Другим сильно порицающим словом было “нечёткий” в применении к поступкам  или к поведению человека…”

                ***
“Блесень”.
“Как упоительно калошей лякать в слякоть”

        Я продолжал раскладывать листы, и, чем дольше я это делал, тем чаше встречал среди записок  стихи. В отличие от коротких записей, написанных быстрым, невозможным почерком, стихи были записаны аккуратно и вполне прочитывались.

                Кучинский “Ковчег”

                Укрывая поля и заборы,
                Серебряный падает снег
                В леса подмосковной Мещёры
                И в Кучинский светлый “Ковчег”!

                Солнце январское тает
                В дымке вечерней зари;
                Дни осторожно листая,
                Зима над полями царит!

                Опалово-розовой сказкой
                Сияют снега за окном,
                Овеяны солнечной лаской,
                Бирюзово-серебряным сном!
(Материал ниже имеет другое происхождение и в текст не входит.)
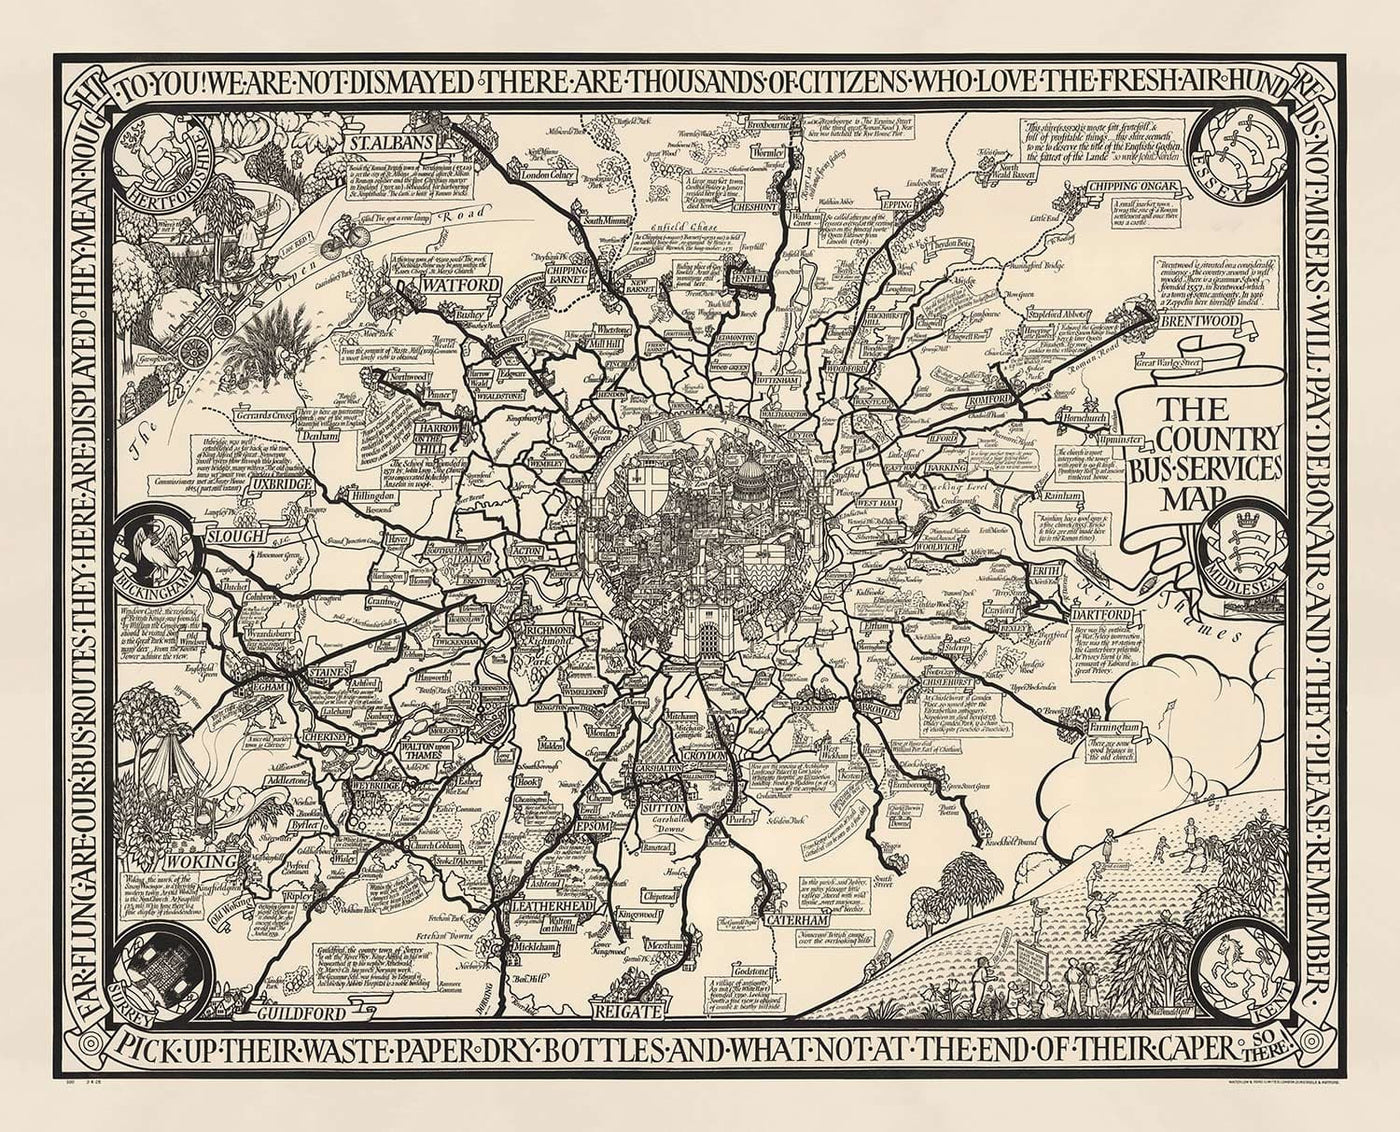 Viejo mapa monocromo de Londres, suburbios y cinturón de cercanías de Max Gill en 1928 - "Flow Flog son nuestras rutas de autobuses"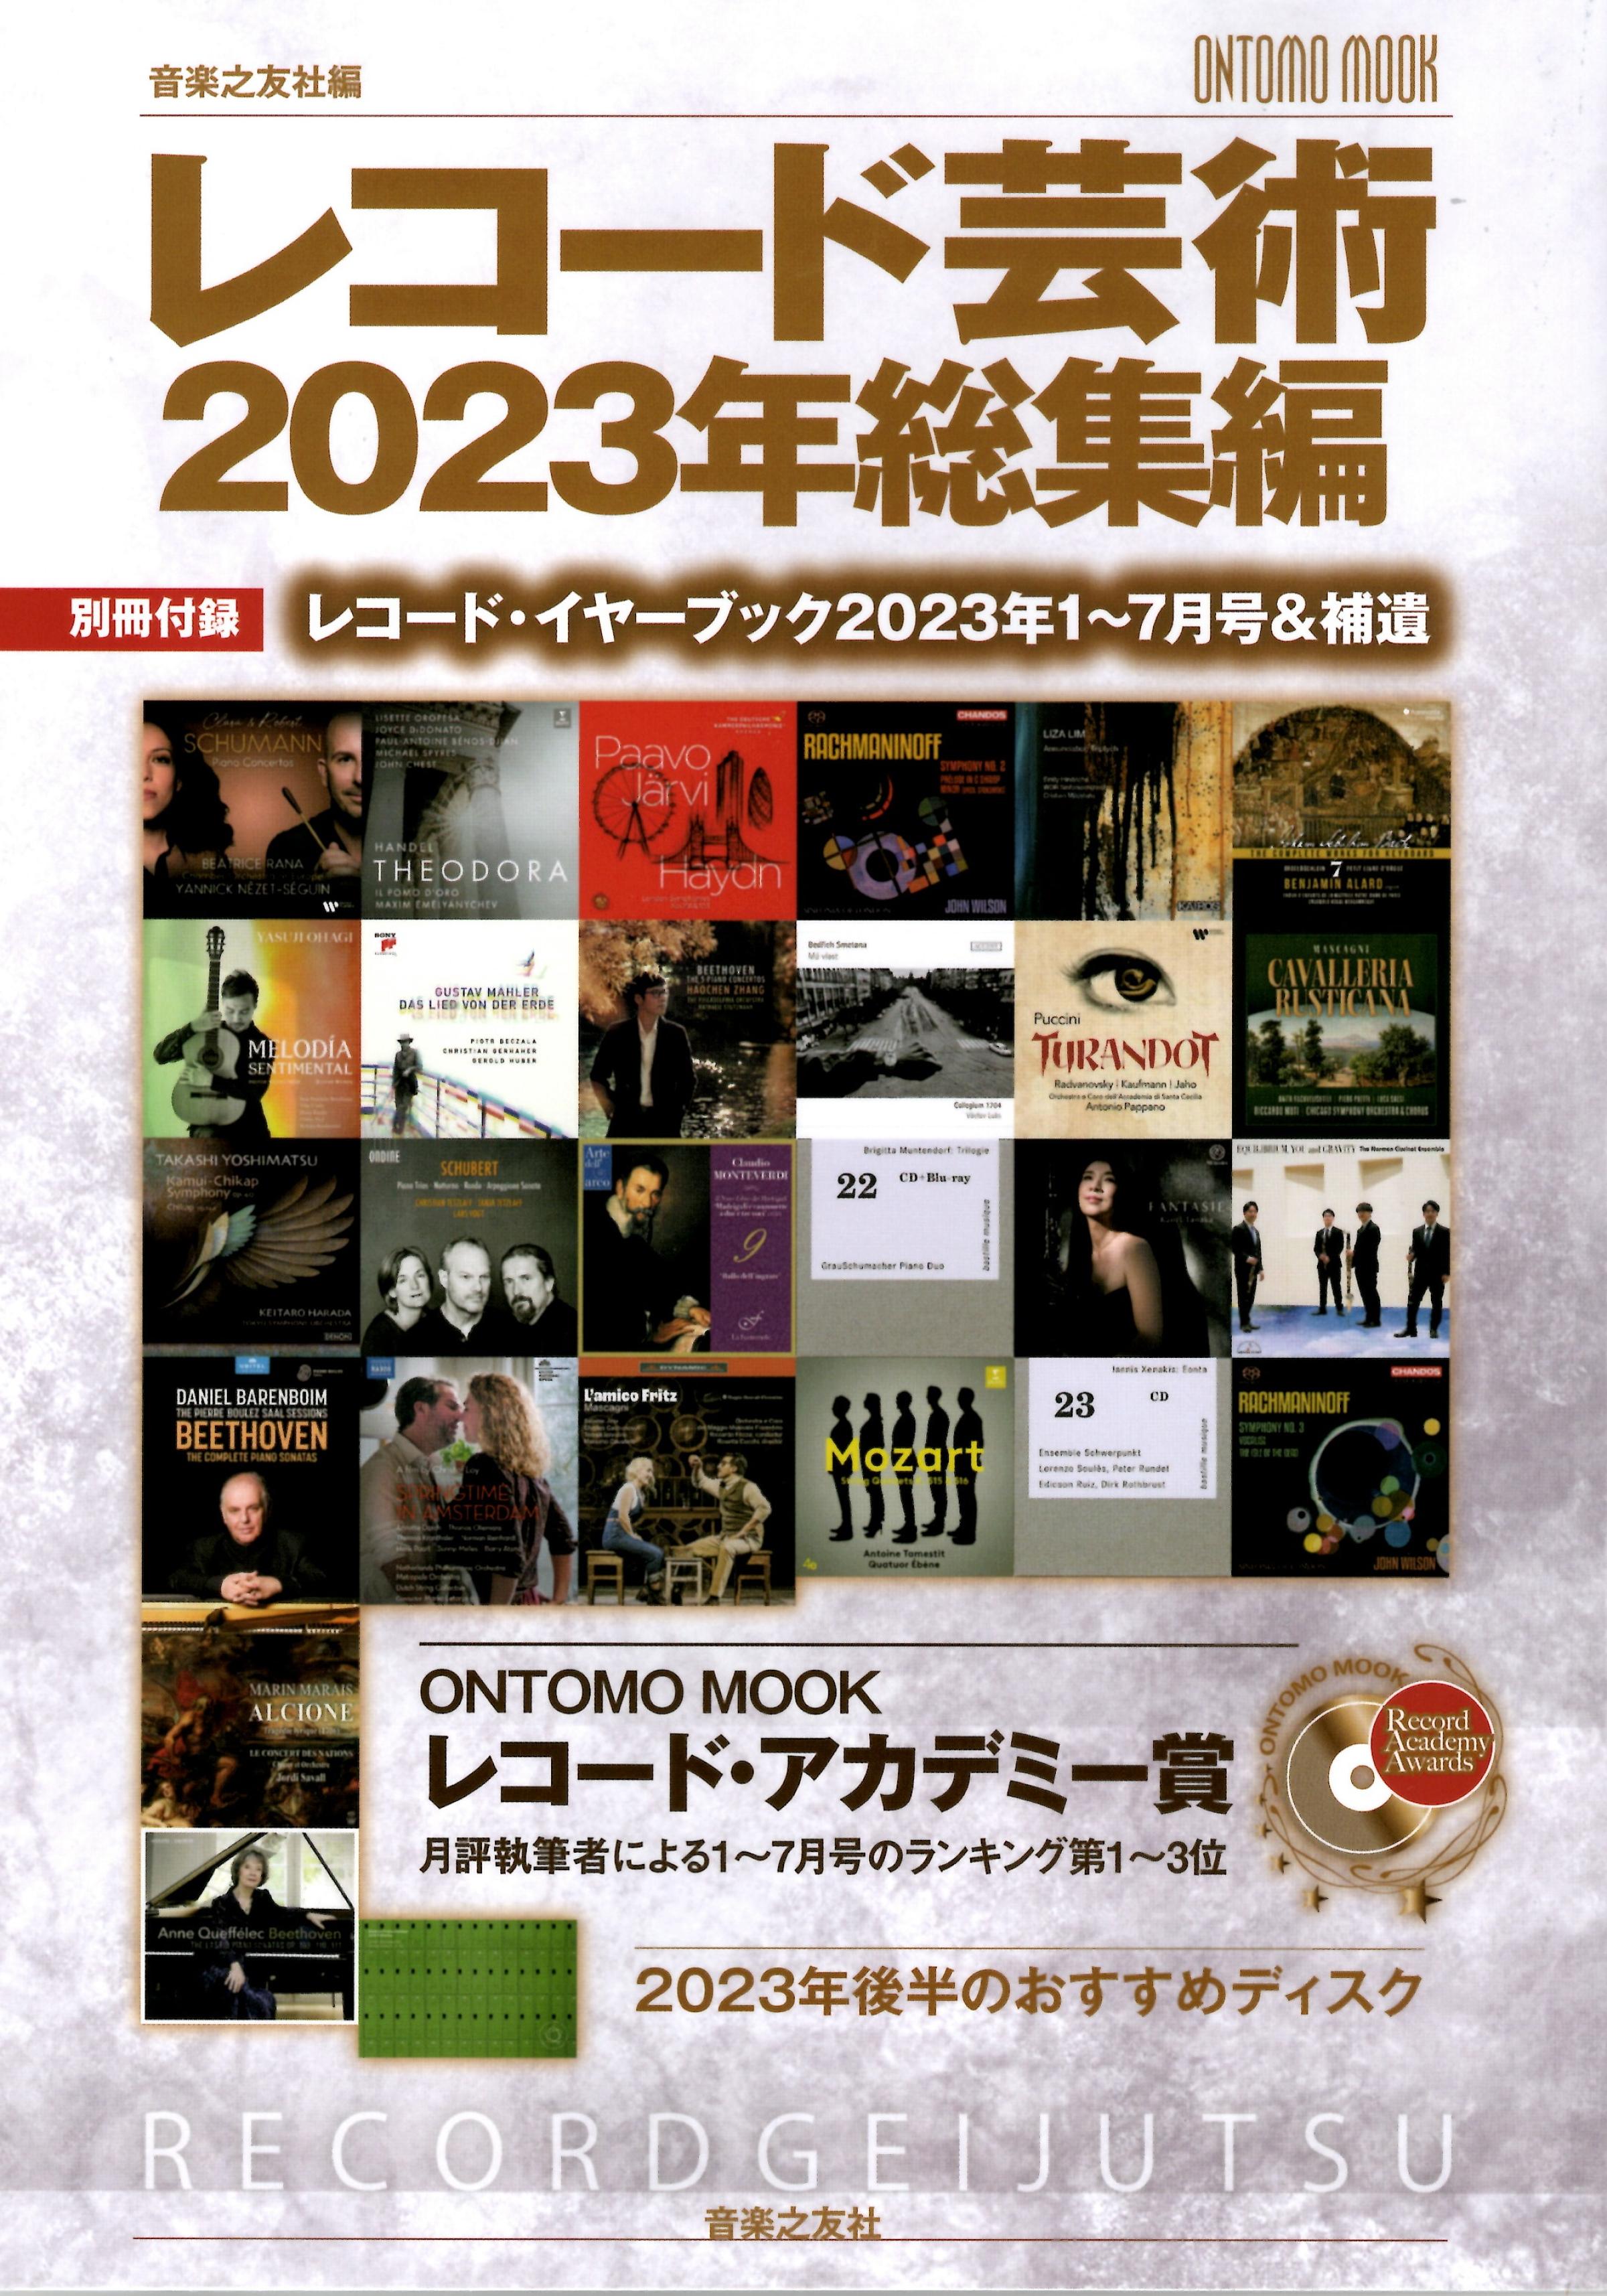 小宮正安教授が共同執筆者を務めた『レコード芸術2023年総集編』が出版されました。

                Солнце сквозь полог жемчужный
                Розовой краской лучей
                Украсило, словно кружевом,
                Кучинский светлый “Ковчег”!

                Следишь, затаив дыхание,
                Лучей бледно-розовый след,
                И веришь: согласно преданию,
                Их кучинский видел Поэт!

   
      Возвращаясь мысленно в Кучино, подробно изучая кучинский период жизни Андрея Белого, исследуя  тексты писателя,  М.П.  настолько врос корнями в его творчество, что через некоторое время почувствовал себя поэтом, и стал смотреть на мир глазами  Бориса Николаевича Бугаева.
      
                ***
                “ХХ век - век двойников.” А.Блок.

                ***
                МОЙ СТАРЫЙ ДОМ
               
                Я верен русской старине -
                Резным наличникам и ставням:
                Они всегда живут во мне
                И греют Душу непрестанно!

                Иду аллеей тополей,
                Ищу знакомую калитку,
                Моё окно, где на стекле
                Сиял закат янтарным слитком!

                Где снег рябиновую гроздь
                Рядил в хрустальную оправу,
                Где мне знакомый каждый гвоздь,
                И каждый камень - мой по праву!

                Мой домик стар и неказист,
                Зажат бетоном новостроек,
                А Небосвод - лазурно чист
                И осчастливлен птичьим роем!

                Гудит в траве мохнатый шмель,
                Чертополох достал до окон,
                А над трубою - акварель
                Лучится в куполе высоком!

                Над покосившимся крыльцом
                Зелёным мхом покрылись брёвна,
                Но знаю я, что этот дом -
                Очаг, отеческий и кровный!

                ***
        Церковь Николы в Плотниках. Плотников пер. д.21. На месте снесённого храма - магазин “Диета”, куда бегал я за котлетами Барсику.

                ***
       В этом храме служил, сначала дьяконом, а уже к 1931 году - настоятелем в чине протоиерея, отец Алексий Смирнов. В 1932 году храм снесли. Отец Алексий Смирнов был переведён настоятелем в наш Николо-Архангельский храм, где прослужил два года. В 1938 году тройка НКВД приговорила его к расстрелу. Новомученика зарыли в братской магиле на Бутовском полигоне.
   Не Митя ли Манин привёл приговор в исполнение?

               
                ***
       В Троицкую родительскую субботу раздался звонок. Звонил одноклассник, а ныне доктор наук, Вася: “Привет! Слушай-ка тут одна дама хочет с тобой поговорить. - А ты сам-то где? - У церкви нашей стою, у Николо-Архангельской,  родителей приезжал навестить.    - И  какая же там может быть дама? - говорю. - Догадайся!” Он передал трубку.
     - Ну, здравствуй… Не узнаёшь? - Нет. - Учились вместе. - Где? - Да в школе же…  - Голос странным образом волновал меня, будто журчал, как речка на перекате, в нём слышалась знакомая грудная, женская загадочность. - Ли…?- Да, да - Лиза…
    И тут опять выключили свет. В керосиновой лампе не было керосина…

    Эта запись, которую смог разобрать, последняя. Строка окончания, видимо, писалась уже в темноте, отчего буковки лезли одна на другую, и слова круто сползли вниз…

                Полушкино, октябрь.


*Стихотворения в Эпилоге принадлежат перу поэта, учёного-биолога, уроженца Кучина Михаила Петровича Колесникова, которые он любезно предоставил автору.

Для иллюстраций использованы картины Павла Филонова.